Euler Equations for Dynamics of rigid body

[Abhishek11235]

I have been studying the dynamics of free top from Morin's book. In his book when describing the dynamics,he writes down the equation of motion as shown in screenshot. However,I am not able to understand which term refers to which coordinate system. For eg: Here $\omega$ refers to angular velocity in the frame of centre of mass(body frame) or in fixed frame(space frame)? As Morin tells,the torque on L.H.S are calculated in frame of fixed point or CoM so that torque vanishes. So $\omega$ should be in body frame? In short, can you answer in brief which term in Euler Equation refers to which coordinate?

 

[vanhees71]

The Euler equations all refer to the body-fixed reference frame. The general equation in this case reads
$$\mathrm{D}_t \vec{J}'=\dot{\vec{J}}'+\vec{\omega}' \times \vec{J}'=\vec{M}',$$
where I've put a prime on the vector symbols to indicate that these are components wrt. the non-inertial body-fixed system. $\vec{M}'$ are the corresponding components of the torque.
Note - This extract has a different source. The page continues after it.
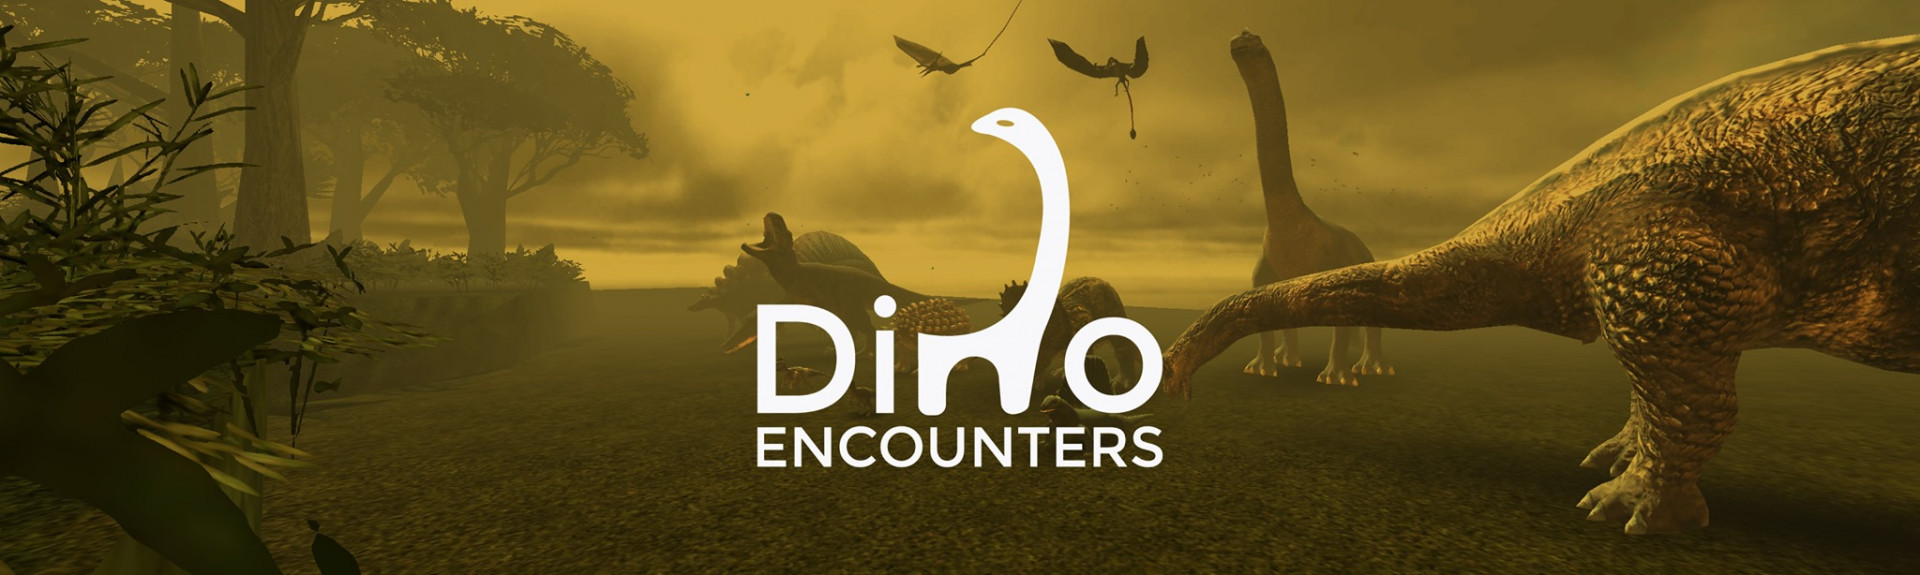 Encuentros con Dinosaurios

If the only force acting on the body is the homogeneous gravitational field of the Earth i.e., $\vec{F}=m \vec{g}$ for a point particle, then $\vec{M}$ is given as $m \vec{s} \times \vec{g}$, where $\vec{s}$ is the vector from the body-fixed point of rotation to the center of mass. If the body is freely falling or if the body-fixed point of rotation is chosen to be the center of mass, then $\vec{M}'=0$ and this gives the equation of motion (9.46) in the book, since
$$\vec{J}'=\hat{\Theta}' \vec{\omega}' \; \Rightarrow \; \hat{\Theta}' \dot{\vec{\omega}}'+\vec{\omega}' \times \hat{\Theta}' \vec{\omega}'.$$
Since $\hat{\Theta}'$ are the components of the tensor of inertia with respect to the body-fixed reference basis around the body-fixed point of rotation you can always choose this basis such to make $\hat{\Theta}'=\mathrm{diag}(I_1,I_2,I_3)$, and then writing out the equation in components, you get (9.46), which however is for the special case of a symmetric top, where (at least) two of the principle moments of inertia are equal, i.e., as stated in the book $I_1=I_2=I$.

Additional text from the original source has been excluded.